Он произнес: «Пятьдесят лет — долгий срок, но для меня это было временем страданий. Я никогда вас не забывал, я помню ваше лицо, особенно глаза». Говоря это, Нагасэ не отводил взгляда. На меня смотрел, в общем-то, тот же самый, знакомый мне человек: с довольно тонкими чертами лица, темными и слегка утонувшими глазами, с широким ртом под заострившимися скулами.
Я сказал, что не забыл его совета, обращенного ко мне при последней встрече. Он спросил, что это, и рассмеялся, когда я напомнил: «Выше голову».
Затем он спросил разрешения взять меня за руку. Участник моих былых допросов сейчас держал меня за руку, гладил ее, но я не испытывал неловкости. Обеими ладонями обхватив мое запястье — более массивное, чем у него, — Нагасэ сказал, что во время пыток (прозвучало именно это слово) мерил мой пульс. Да, я помнил, он писал об этом в своих мемуарах.
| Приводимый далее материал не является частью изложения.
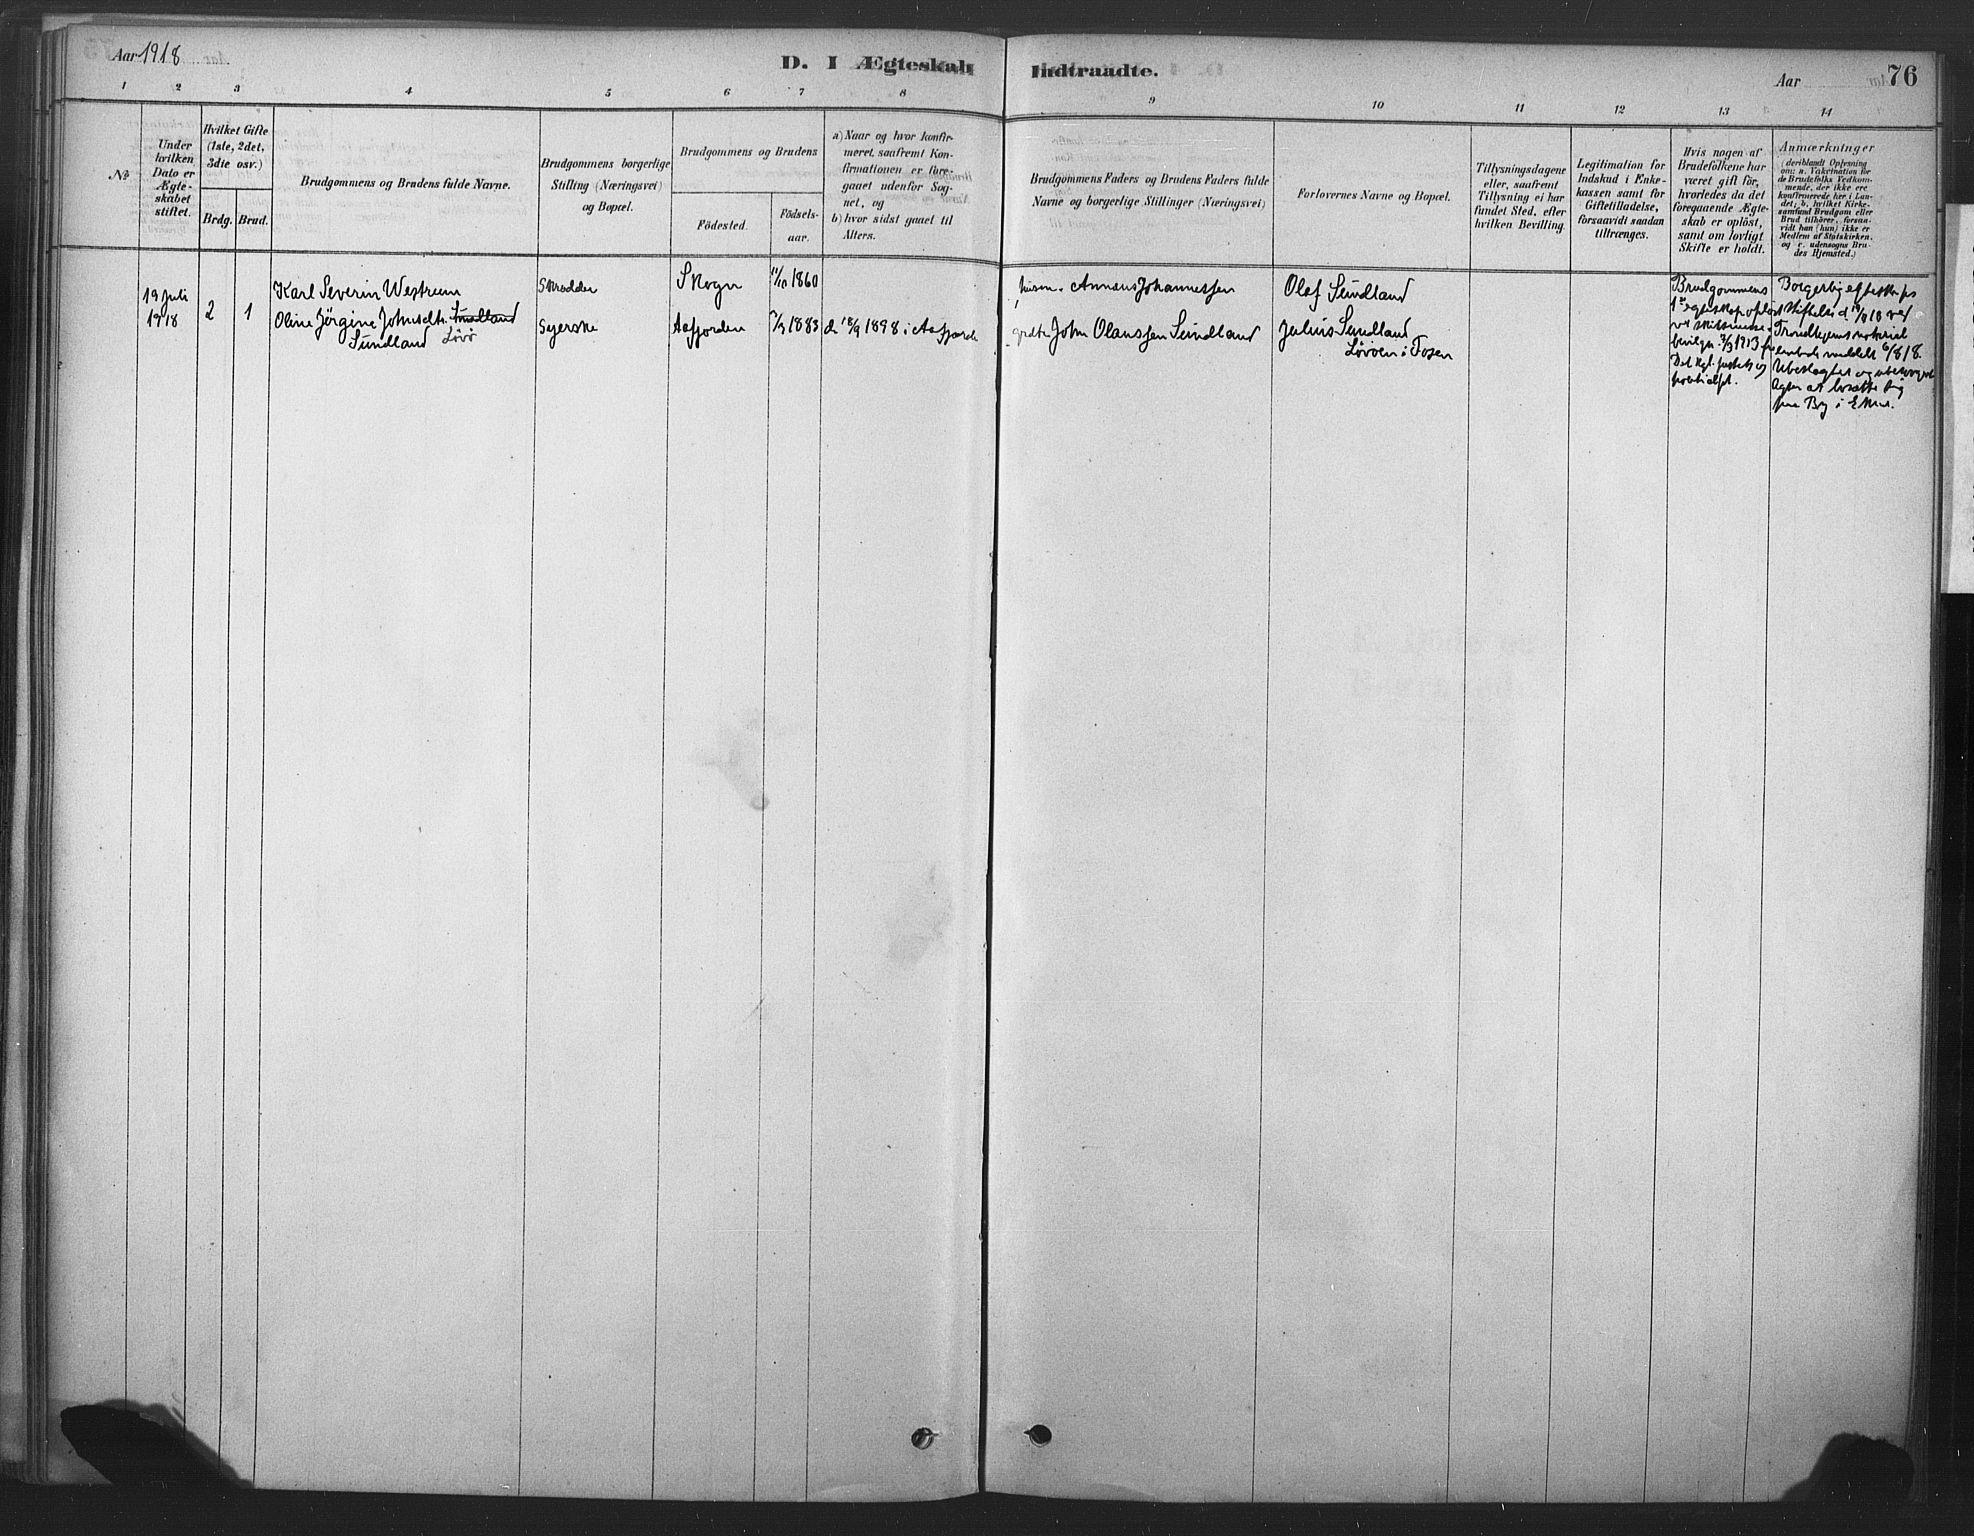 SAT, Ministerialprotokoller, klokkerbøker og fødselsregistre - Nord-Trøndelag, 719/L0178: Ministerialbok nr. 719A01, 1878-1900, s. 76

Однако сейчас, лицом к лицу, его скорбь выглядела острее моих переживаний, куда острее. «Я был членом Императорский японской армии, мы обращались с вашими соотечественниками очень, очень плохо». — «Мы оба уцелели», — подбадривающе заметил я, по-настоящему поверив в это именно сейчас.
Он спросил, помню ли я «купальню», где меня пытали. Я признался, что нет. Тогда он рассказал, что был такой момент, когда меня отвели в санблок, заполнили какую-то металлическую емкость, и кэмпэй-гунсо держал мою голову под водой. «Помните большую банку?» — спрашивал Нагасэ, руками показывая что-то широкое и круглое. Что ж, придется поверить ему на слово. В ответ я сообщил, что отлично помню ту рейсшину, которой гунсо колотил по столу. Нагасэ кивнул, говоря, что «отъявленный был человек».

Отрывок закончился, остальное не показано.